Document:

Separation Agreement and General Release

Exhibit 10.4

SEPARATION AGREEMENT AND GENERAL RELEASE

 This is a Separation Agreement and General Release (referred to as "Agreement") entered into this ____ day of ____________, 2005, by and between J. Patrick Mulcahy (referred to as "MR. MULCAHY") and Energizer Holdings, Inc. (referred to as "ENERGIZER" and as defined at Paragraph 12).

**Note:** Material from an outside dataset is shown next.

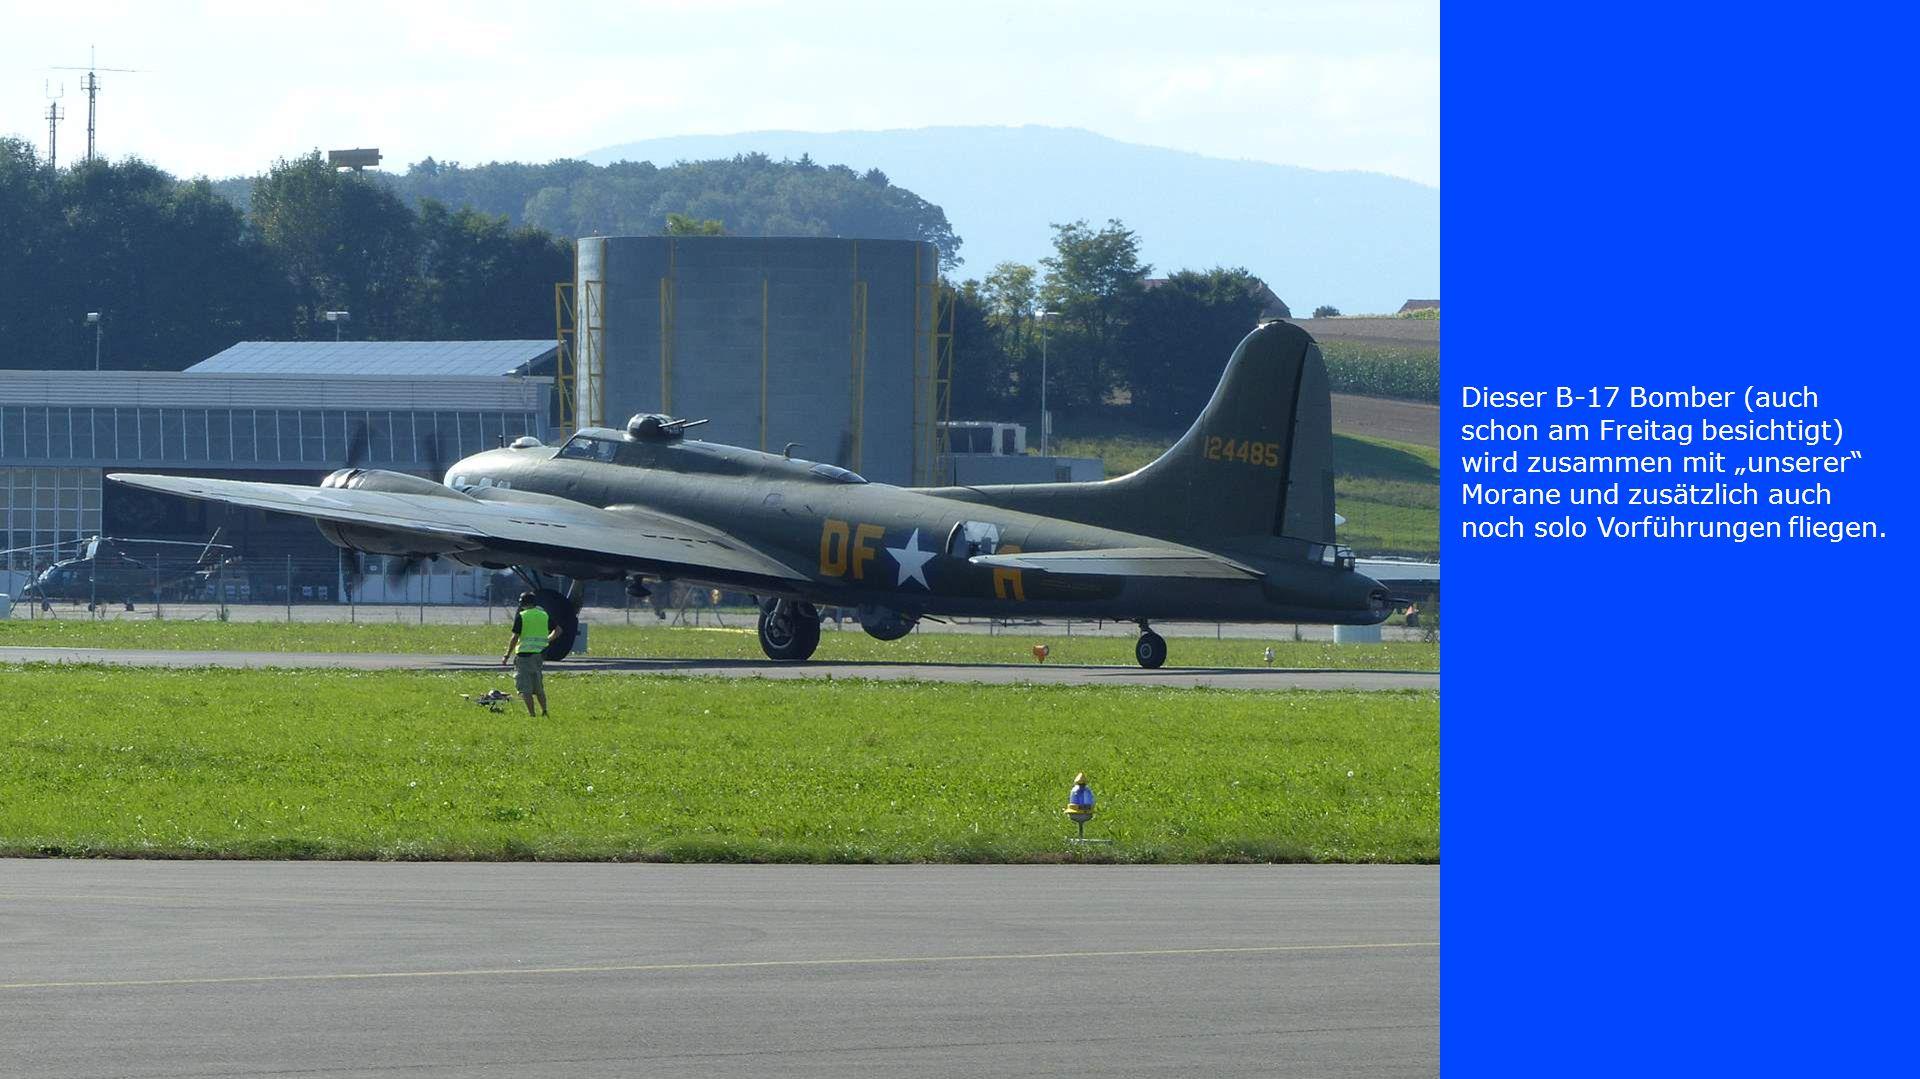 """Dieser B-17 Bomber (auch schon am Freitag besichtigt) wird zusammen mit """"unserer Morane und zusätzlich auch noch solo Vorführungen fliegen."""

 WHEREAS, MR. MULCAHY is an employee of ENERGIZER in a key leadership and strategic position; and

 WHEREAS, MR. MULCAHY has indicated his interest in retiring; and

 WHEREAS, MR. MULCAHY and ENERGIZER are amicably concluding their employment relationship and wish to enter into this Agreement; and

 WHEREAS, ENERGIZER’s Board of Directors has approved the terms of the Agreement.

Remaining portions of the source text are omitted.